There is no documentation, because the '-d' option flags are primarily intended for debugging QEMU itself (though they can be used to give insight into what a guest binary is doing). They log things that seem useful and things that are easy to log, and interpreting them requires some understanding both of the details of the guest architecture and of the internal implementation of QEMU itself.

In this case mostly what you have is a guest register dump, probably either before or after the exception has been taken. You'd need to poke around in the QEMU sources for further information.
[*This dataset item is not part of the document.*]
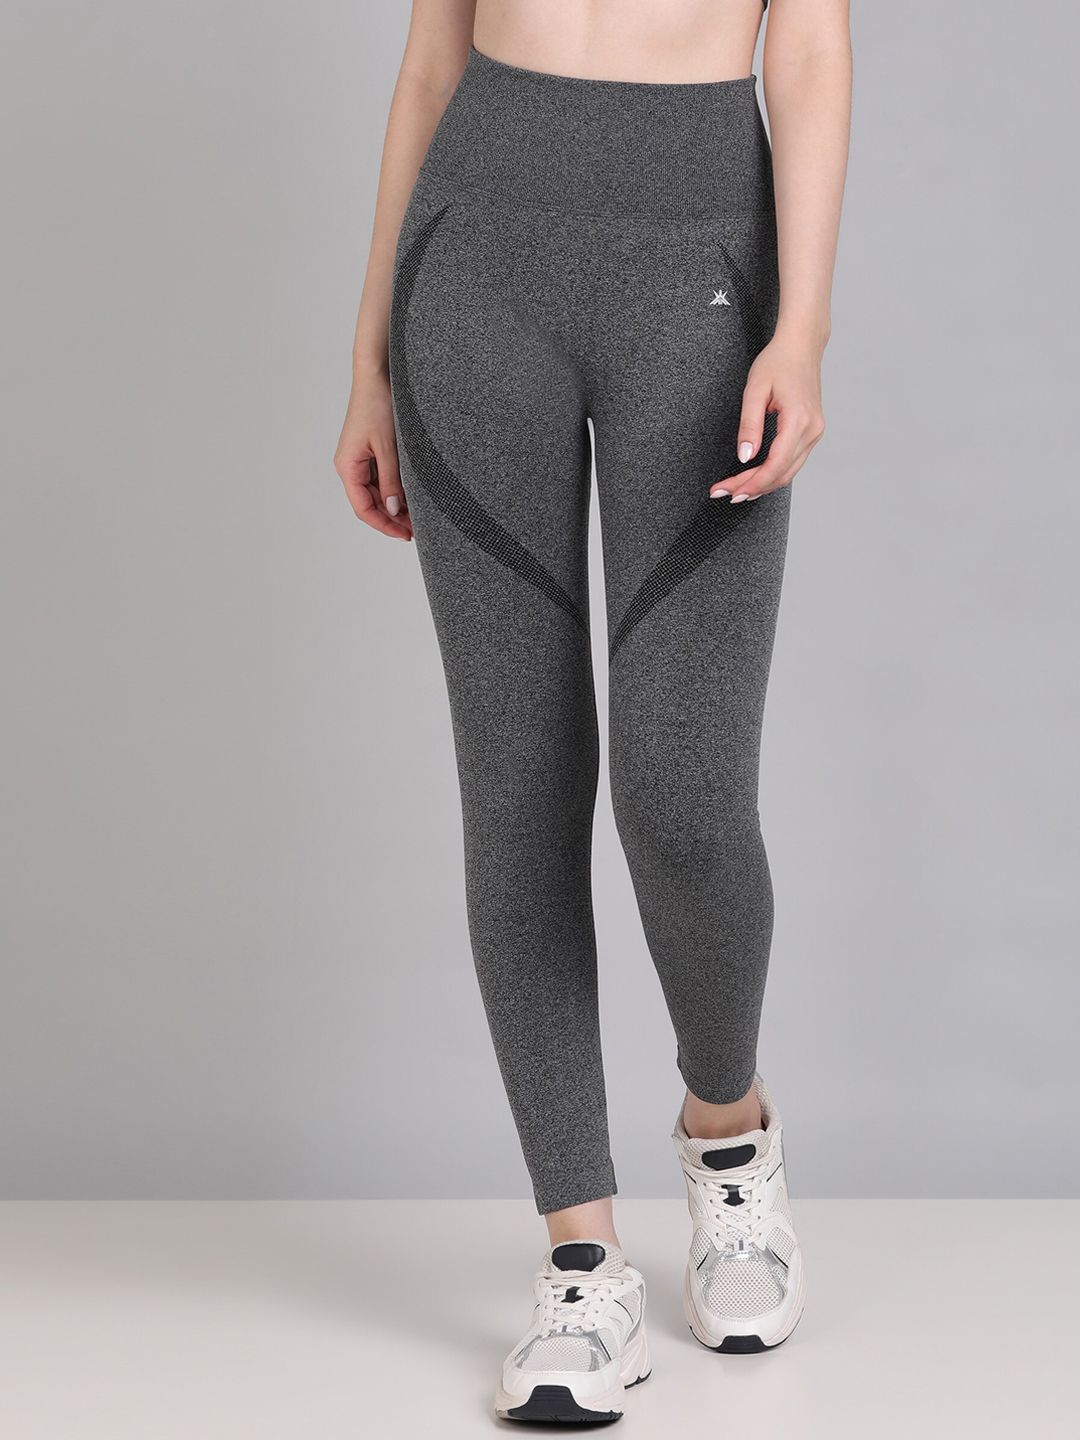 Seamless Squat Proof Leggings - KOBO SPORTS Exclusively Designed

The meaning of most of the fields should be clear if you know the x86 architecture.

1

Building up on @Peter Maydell's answer and looking at qemu's code, in

     0: v=03 e=0000 i=1 cpl=0 IP=0008:ffff80000020904e pc=ffff80000020904e SP=0000:ffff800000206ff0 env->regs[R_EAX]=ffff800000209440

0: is the count of interrupts so far
v is the interrupt vector
e is the associated error code
i is set to 1 if the exception comes from the hardware or an INT instruction, see OSDev Gate Types
cpl is the current privilege level, 0 = kernel mode
IP and PC are the instruction pointer and program counter, i.e. address of the current instruction
SP is the stack pointer

In your example,

     1: v=0e e=0000 i=0 cpl=0 IP=0008:ffff80000020904e pc=ffff80000020904e SP=0000:ffff800000206ff0 CR2=0000000000201008

corresponds to a page fault exception occurring at 0xffff80000020904e. CR2 holds the faulty address. And the error code indicates that the page is not present (e&1), not writable (e&2) and not user-accessible (e&4).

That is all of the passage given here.